# Data supplied
'''

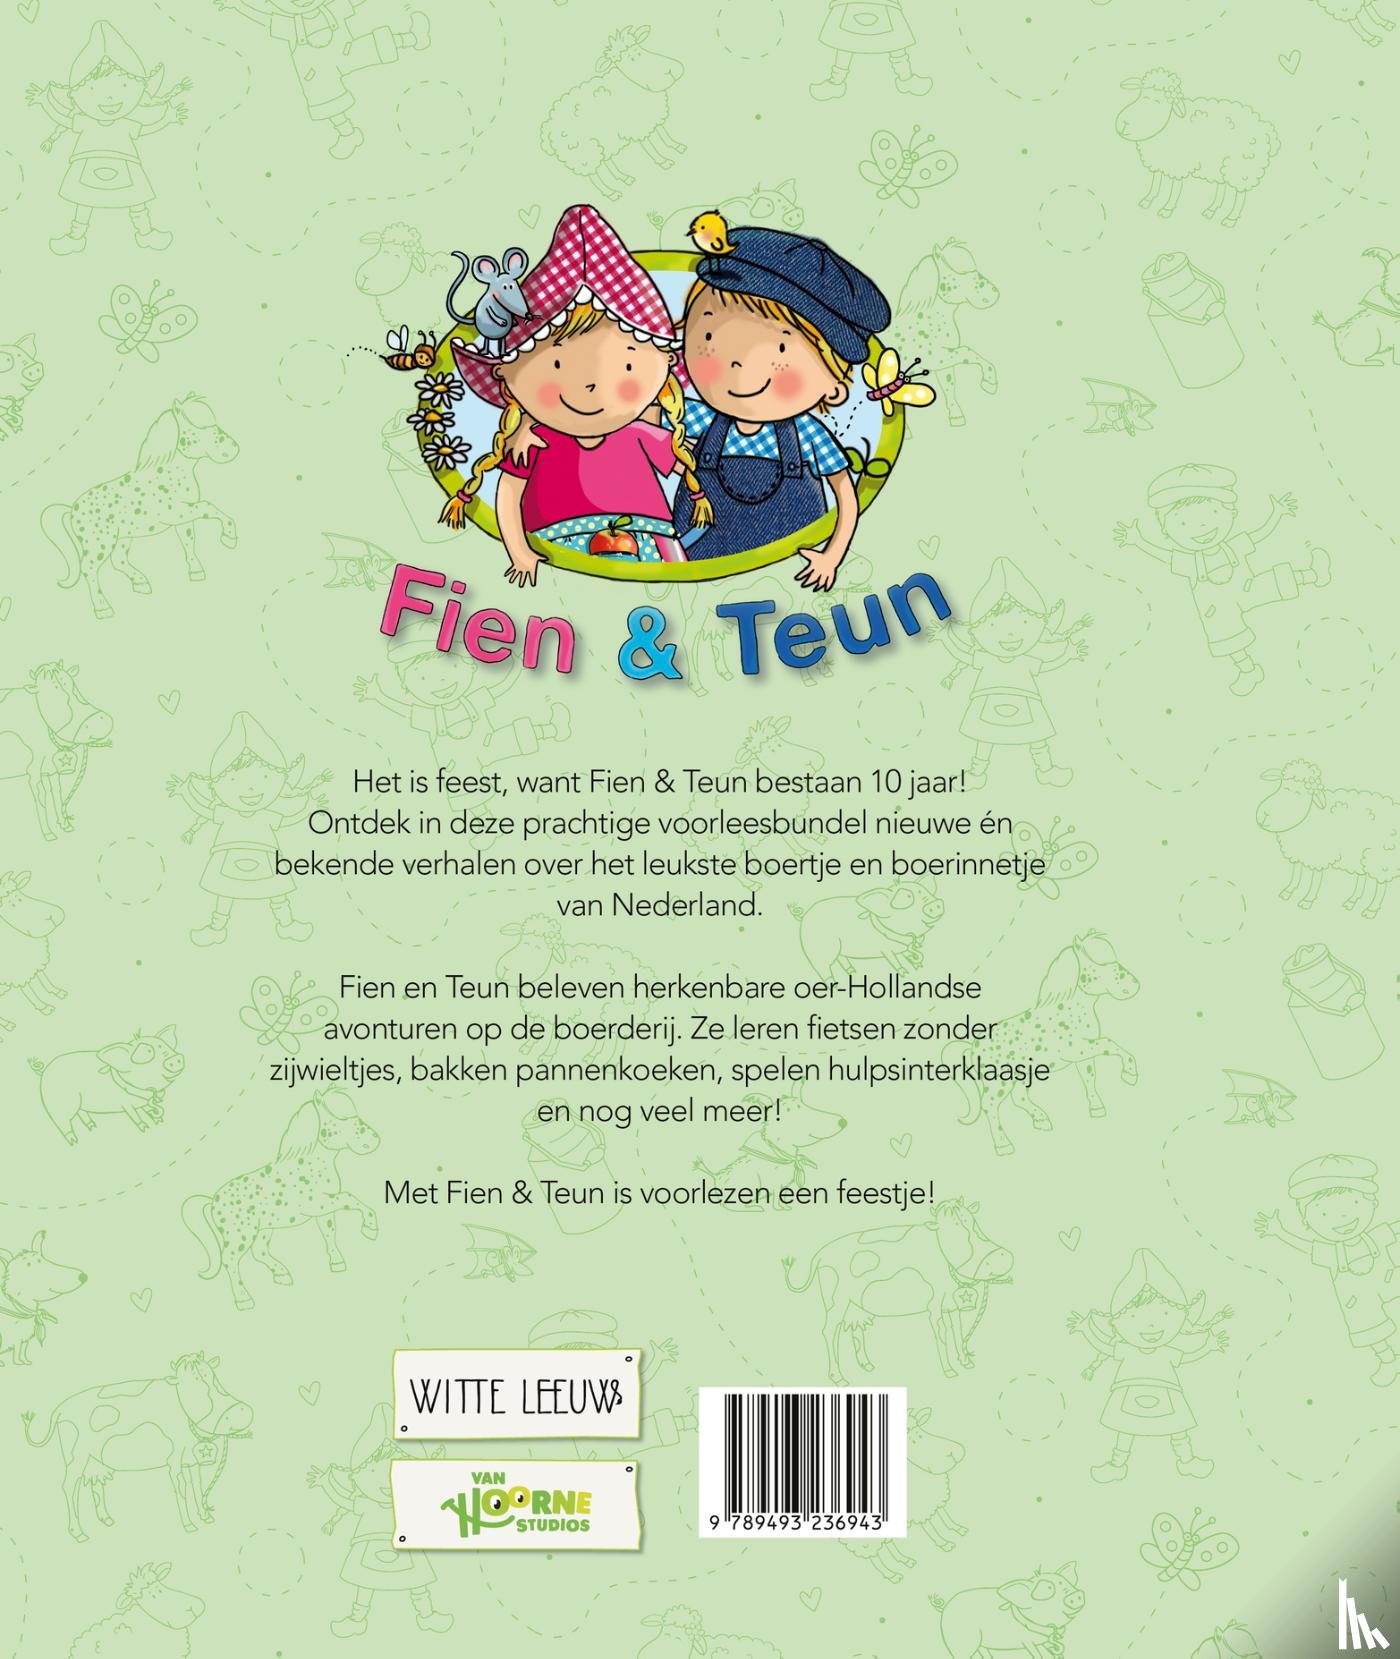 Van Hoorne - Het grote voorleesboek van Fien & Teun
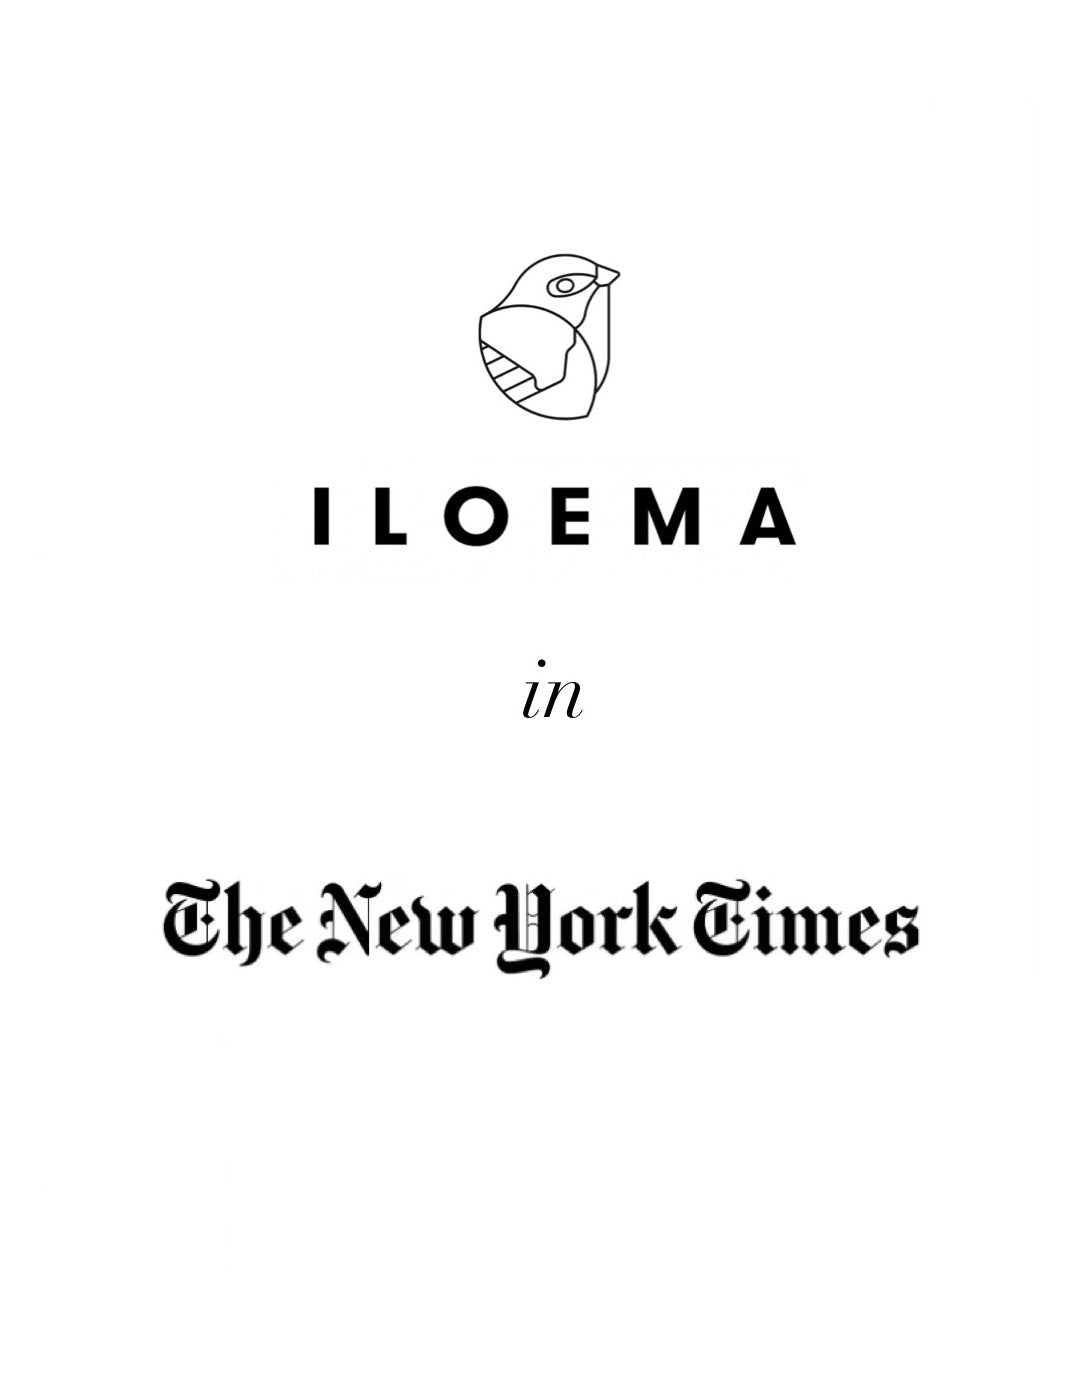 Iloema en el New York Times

'''
'''

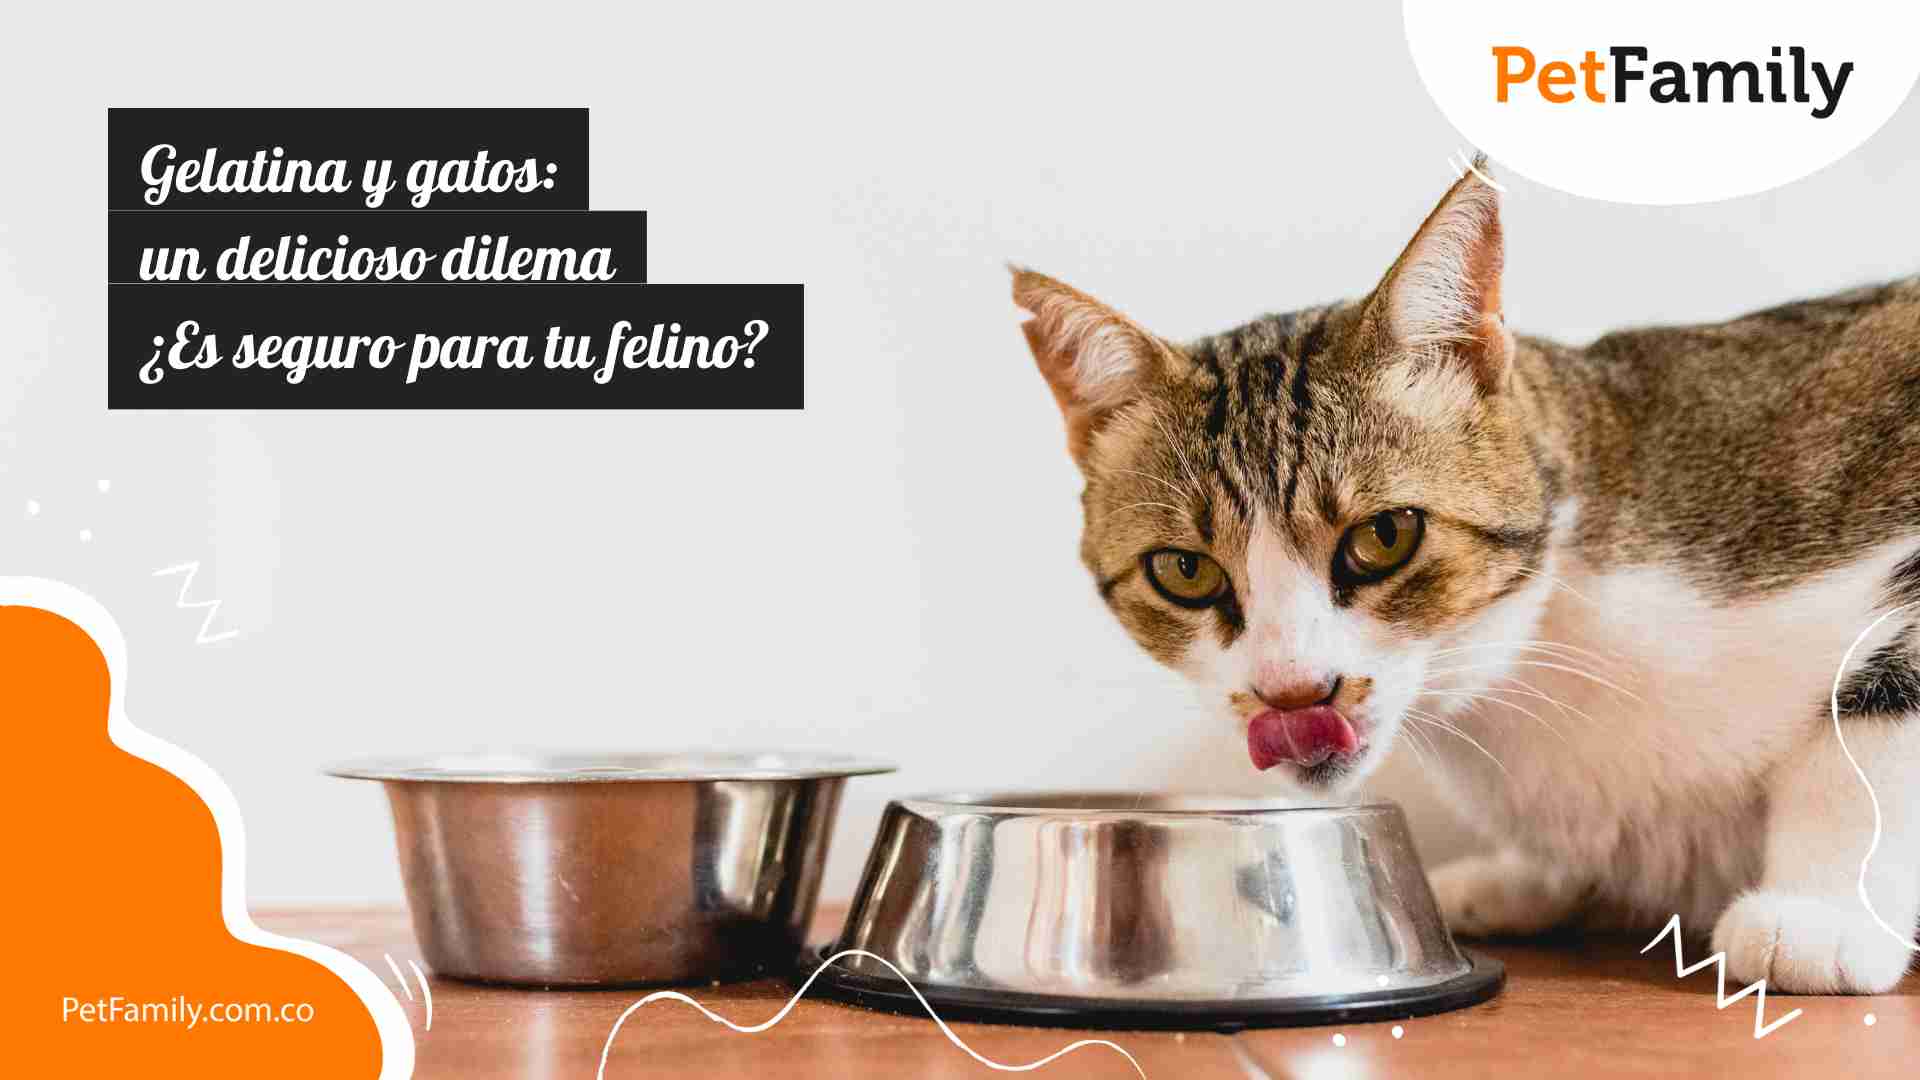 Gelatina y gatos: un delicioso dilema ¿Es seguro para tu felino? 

'''
'''

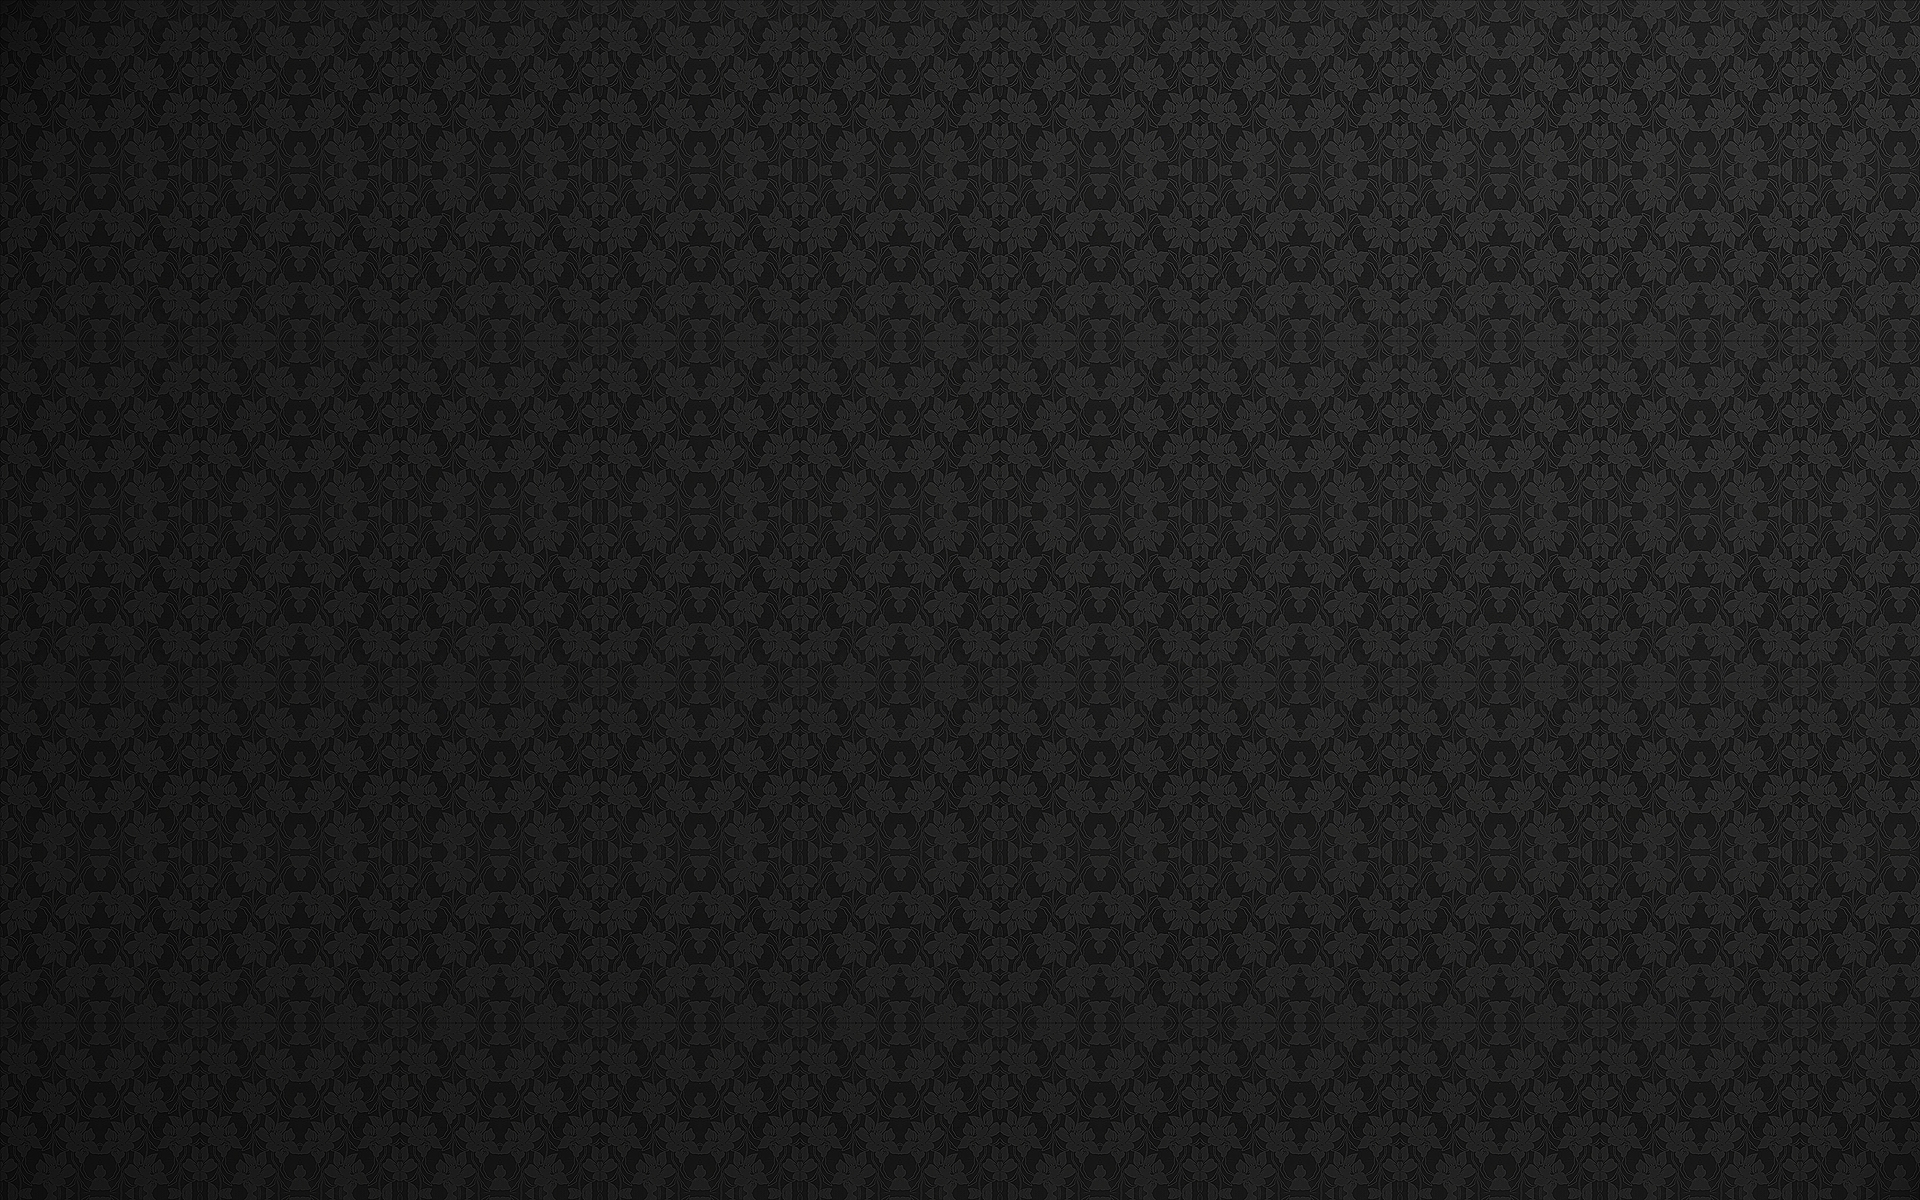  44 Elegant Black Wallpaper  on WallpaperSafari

'''

# Task item
Look above for the line with "Van Hoorne - Het" and the line with "Iloema en el New York Times", then copy them and all lines in between exactly as written, and only those, without any pictures.

# Your response
 Van Hoorne - Het grote voorleesboek van Fien & Teun
 Iloema en el New York Times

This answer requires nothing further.